We have considered automata models with \(E = \{\mathtt {L}\}\) and \(E = \{\mathtt {S}, \mathtt {L}, \mathtt {R}, \mathtt {push}, \mathtt {pop}\}\). We can ask whether models with other expensive instruction sets also describe the same class of languages.

It is possible to show that visit\({}_{\{\mathtt {R}\}}\)-bounded automata accept the same class of languages as visit\({}_{\{\mathtt {L}\}}\)-bounded automata. The proof uses similar ideas as in the construction in the proof of Theorem 3, though we do not include it here. Adding the \(\mathtt {S}\) instruction to a set of expensive instructions does not change the class of languages accepted, as every \(\mathtt {S}\) instruction can be replaced by a pair of \(\mathtt {R}\) and \(\mathtt {L}\) instructions, or \(\mathtt {push}\) and \(\mathtt {pop}\) instructions when operating on top of the stack. Therefore it is always possible to construct an equivalent automaton which never uses the \(\mathtt {S}\) instruction.
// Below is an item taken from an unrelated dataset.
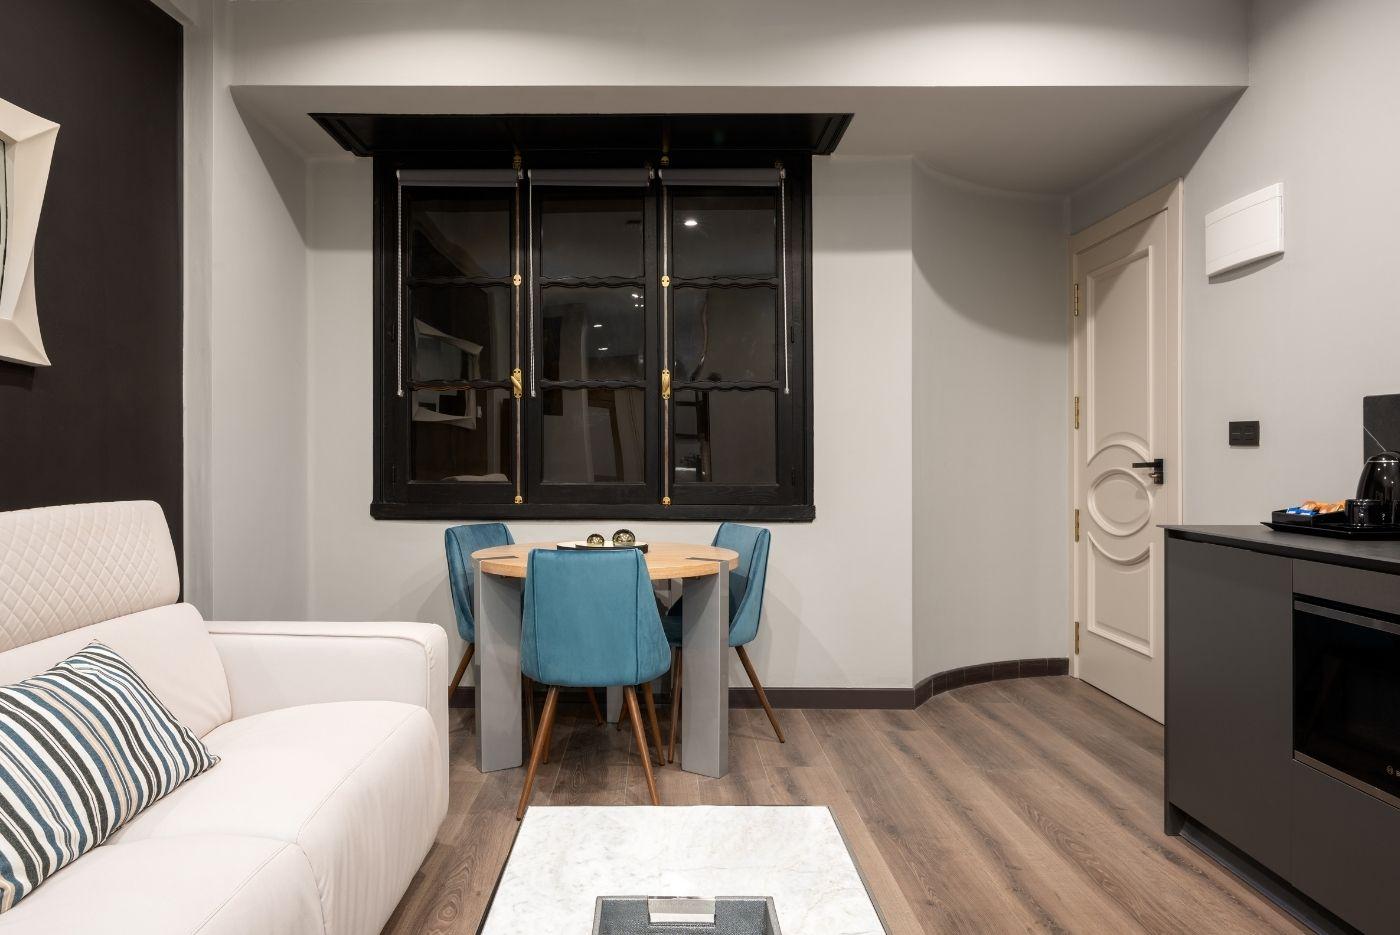 Apartamento-Suite-Deluxe-63-Oviedo-1907-02

Hence, if we consider expensive instruction sets E containing either \(\mathtt {L}\) or \(\mathtt {R}\), any visit-bounded automaton is also visit\({}_E\) bounded for such E. Therefore all models with such an expensive instruction set accept the same class of languages.

Making expensive instructions exactly the \(\mathtt {push}\) instructions has no effect on the languages accepted (i.e. it accepts all stack languages), as any cell can only be pushed on the stack once. We only include the \(\mathtt {push}\) instruction as a possible expensive instruction for completeness.

Finally, we shall see that a model with \(E = \{\mathtt {pop}\}\) also accepts all stack automaton languages. Using a procedure similar to the one in the construction of automaton B in Theorem 3 we can clone symbols on the stack and replace every \(\mathtt {pop}\) transition by a sequence \(\mathtt {pop}- \mathtt {pop}- \mathtt {push}\), such that every cell is visited at most twice by \(\mathtt {pop}\) instructions.

These results can be summarized as follows. The hierarchy is depicted in Fig. 2.

Fig. 2.
figure 2

The language families listed are related such that the families that are equal are written together in a box, inclusions are shown with an arrow that are proper in every case, and no lines connecting them indicate that they are incomparable.

Theorem 9

The hierarchy shown in Fig. 2 is correct.

Proof

That \(\mathcal{L}(\textsf {TMRB}) \subsetneq \mathcal{L}(\textsf {TMFC}) = \mathcal{L}(\textsf {TMFV}) \subsetneq \mathcal{L}(\textsf {VISIT})\) is shown in Proposition 5. That \(\mathcal{L}(\textsf {TMFV}) \subsetneq \mathcal{L}(\textsf {CSA})\) is shown in [4]. That \(\mathcal{L}(\textsf {CSA}) \subsetneq \mathcal{L}(\textsf {NESA}) \subsetneq \mathcal{L}(\textsf {SA})\) is well known [3]. That \(\mathcal{L}(\textsf {NPDA}) \subsetneq \mathcal{L}(\textsf {VISIT})\) was shown in Corollary 4. That \(\mathcal{L}(\textsf {VISIT}) = \mathcal{L}(\textsf {VISIT}_{\{\mathtt {L}\}})\) is from Theorem 3, and the equality with \(\mathcal{L}(\textsf {VISIT}_{\{\mathtt {R}\}})\) is mentioned above. The equality of \(\mathcal{L}(\textsf {SA})\) with \(\mathcal{L}(\textsf {VISIT}_{\{\mathtt {pop}\}})\) and \(\mathcal{L}(\textsf {VISIT}_{\{\mathtt {push}\}})\) is also mentioned above. The proper inclusion of \(\mathcal{L}(\textsf {VISIT})\) in \(\mathcal{L}(\textsf {SA})\) follows from Theorem 6 since stack automata can accept non-semilinear languages [3]. Also, \(\mathcal{L}(\textsf {CSA})\) contains languages not accepted by \(\mathcal{L}(\textsf {VISIT})\) since \(\mathcal{L}(\textsf {CSA})\) contains non-semilinear languages [3]. Also, it is known that \(\mathcal{L}(\textsf {NESA})\) does not contain all context-free languages [4].    \(\square \)

Hence, all the families above that are semilinear are contained in \(\mathcal{L}(\textsf {VISIT})\), making it the most powerful such family.